[Opening Recorded data section]

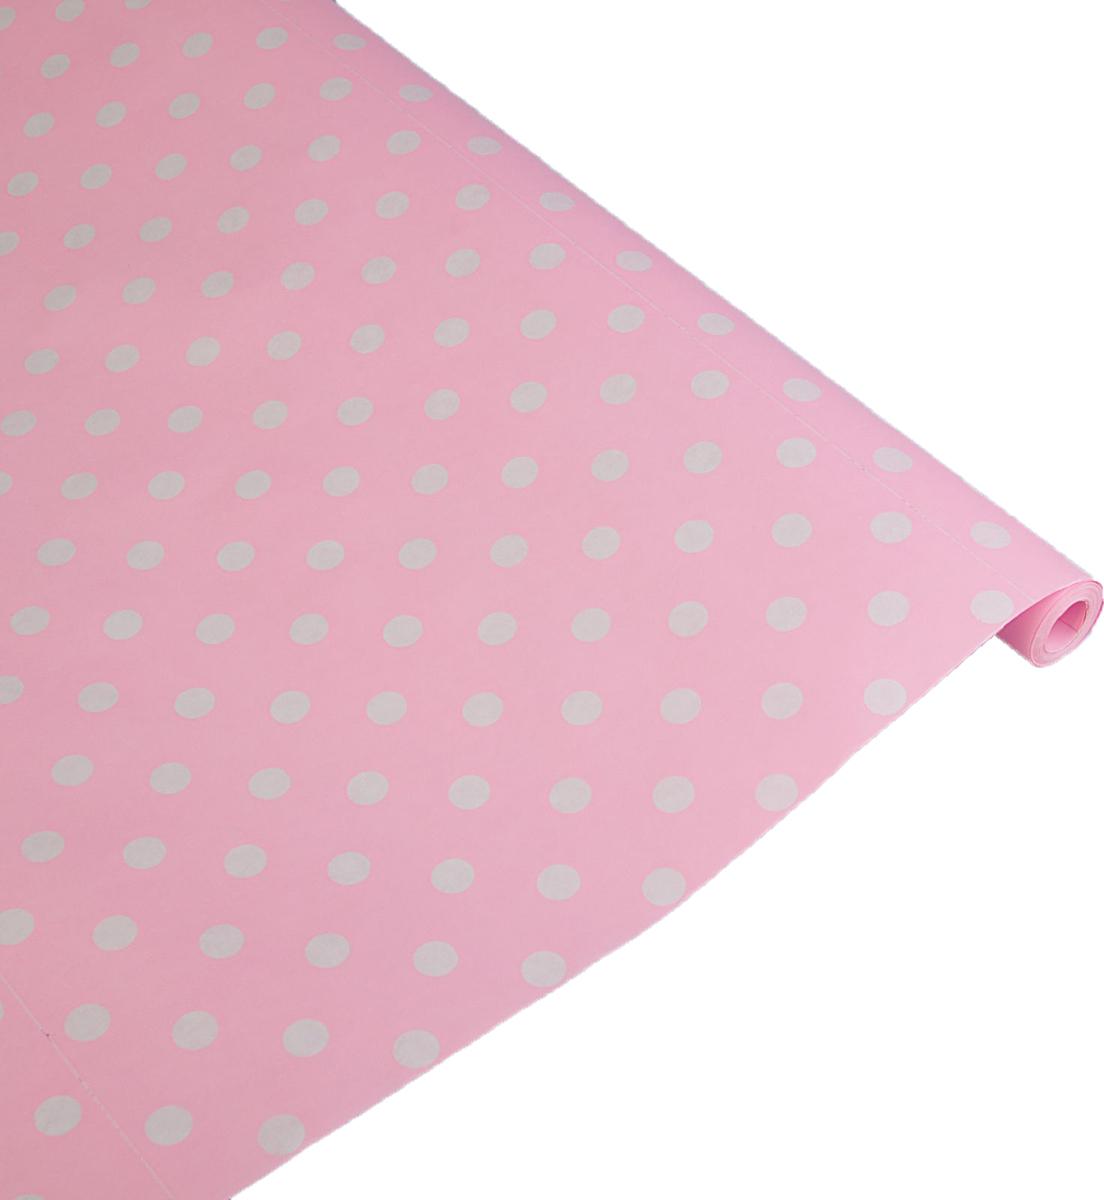 Бумага упаковочная Круги, 2732474, розовый, 70 см х 10 м
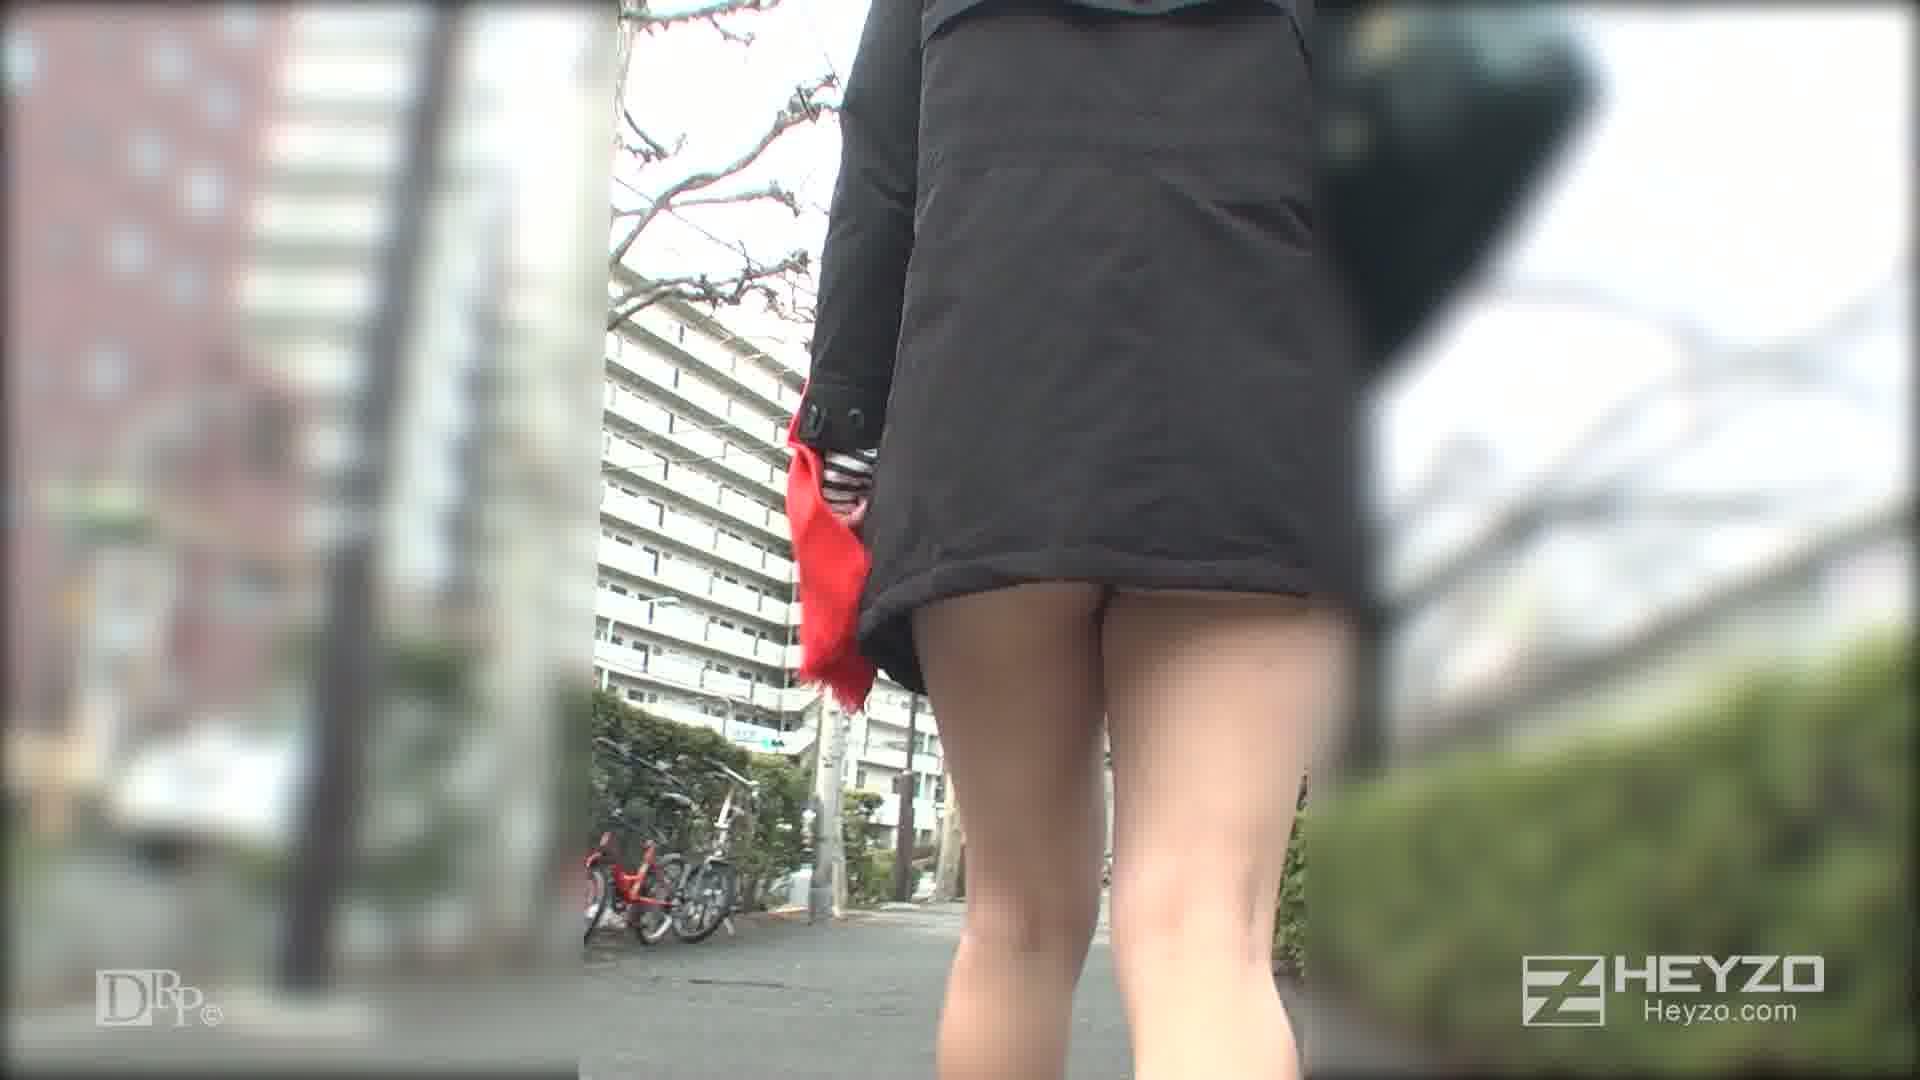 都会の色に染まった上京Hカップガール - 新山かえで【脱衣 乳モミ キス 指マン フェラ】
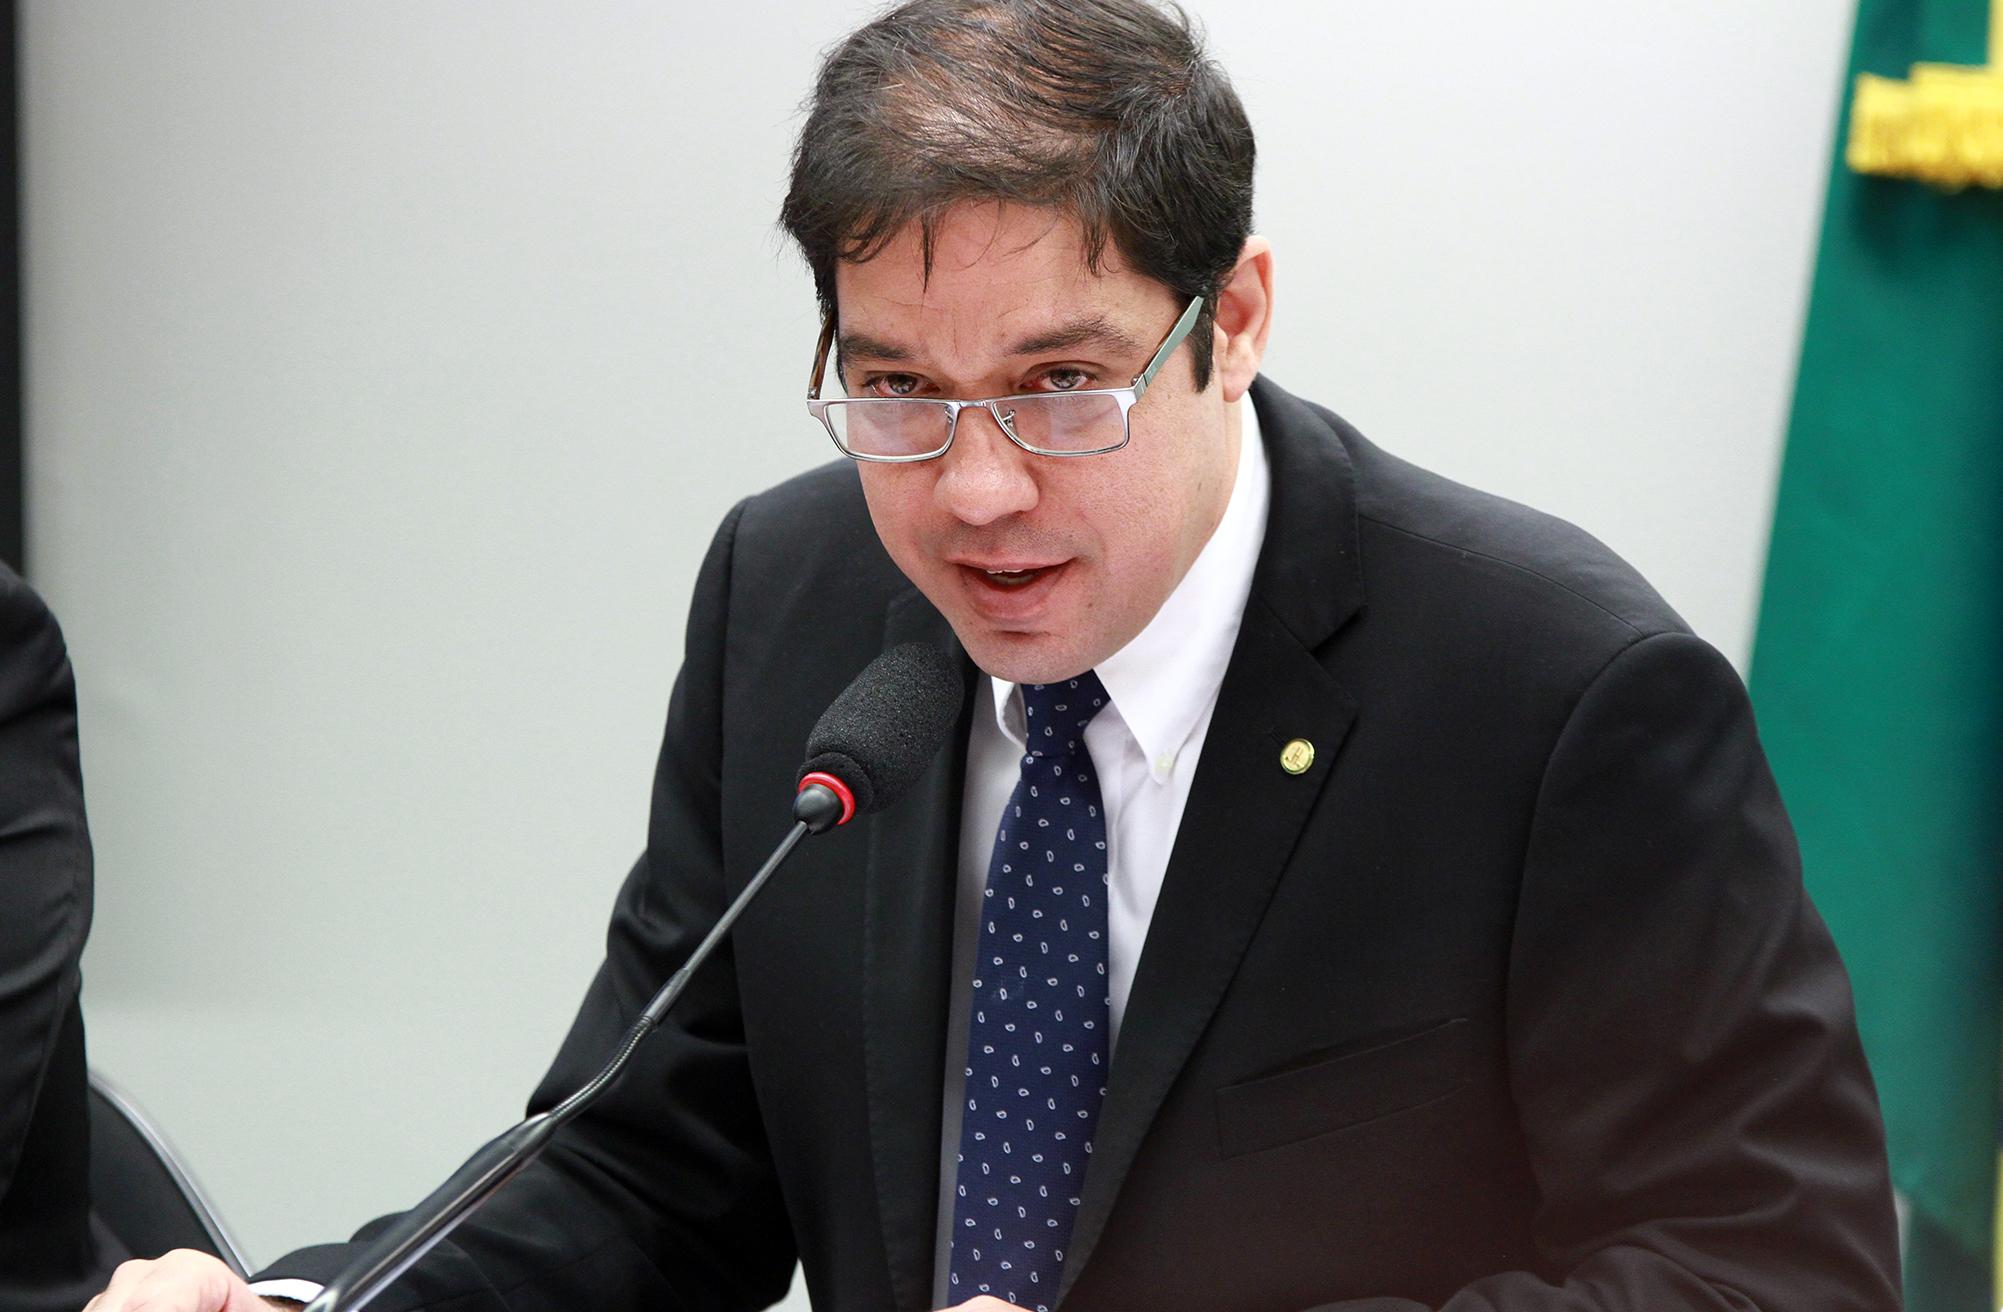 Audiência pública sobre a situação do Programa Federal de Aeroportos Regionais, inserido no Fundo Nacional de Aviação Civil (FNAC). Dep. Altineu Côrtes (PMDB-RJ)
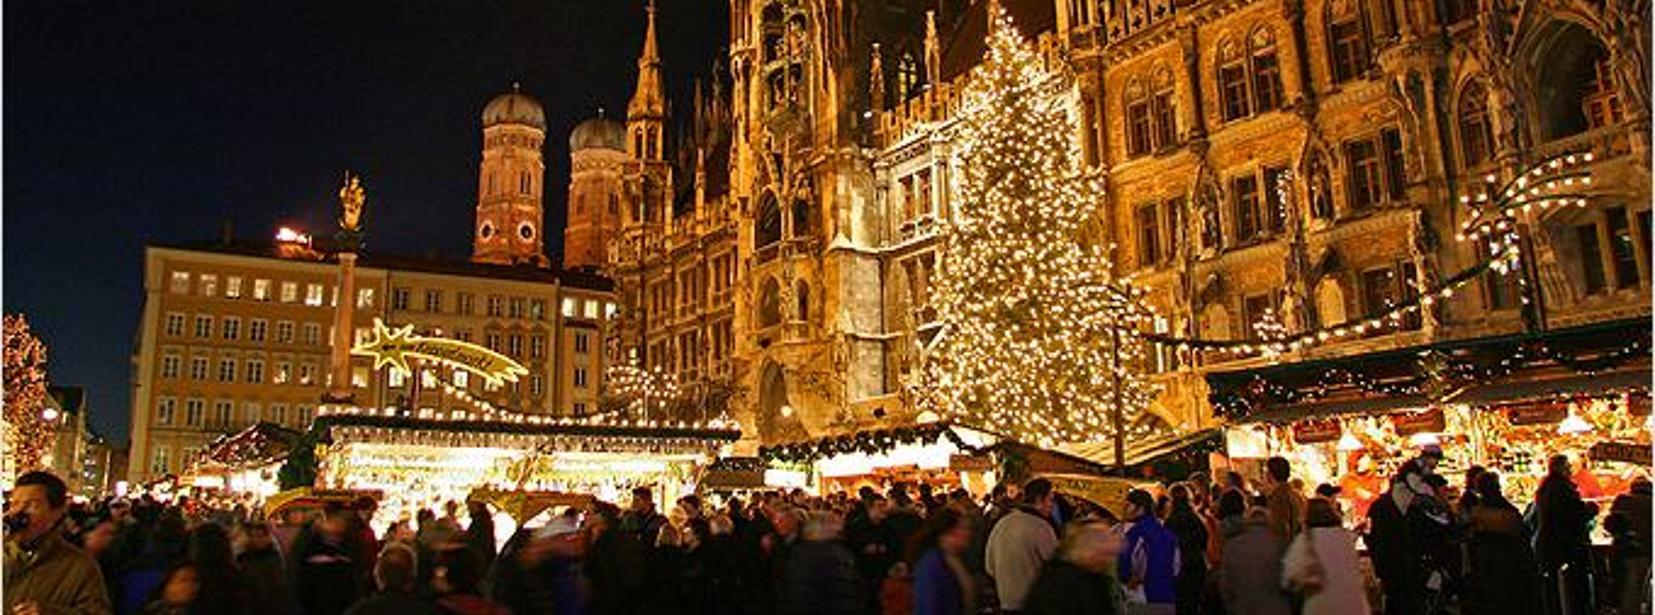 Marienplatz Weihnachtsmarkt.Christkindlmarkt Am Marienplatz München Mycityhighlight

[Closing Recorded data section]

◆ The problem: Lines from the one holding "都会の色に染まった上京Hカップガール - 新山かえで【脱衣" to the end of the data, both ends included, are to be given again exactly; no pictures belong in the copy.

◆ Output of the task:
 都会の色に染まった上京Hカップガール - 新山かえで【脱衣 乳モミ キス 指マン フェラ】
 Audiência pública sobre a situação do Programa Federal de Aeroportos Regionais, inserido no Fundo Nacional de Aviação Civil (FNAC). Dep. Altineu Côrtes (PMDB-RJ)
 Marienplatz Weihnachtsmarkt.Christkindlmarkt Am Marienplatz München Mycityhighlight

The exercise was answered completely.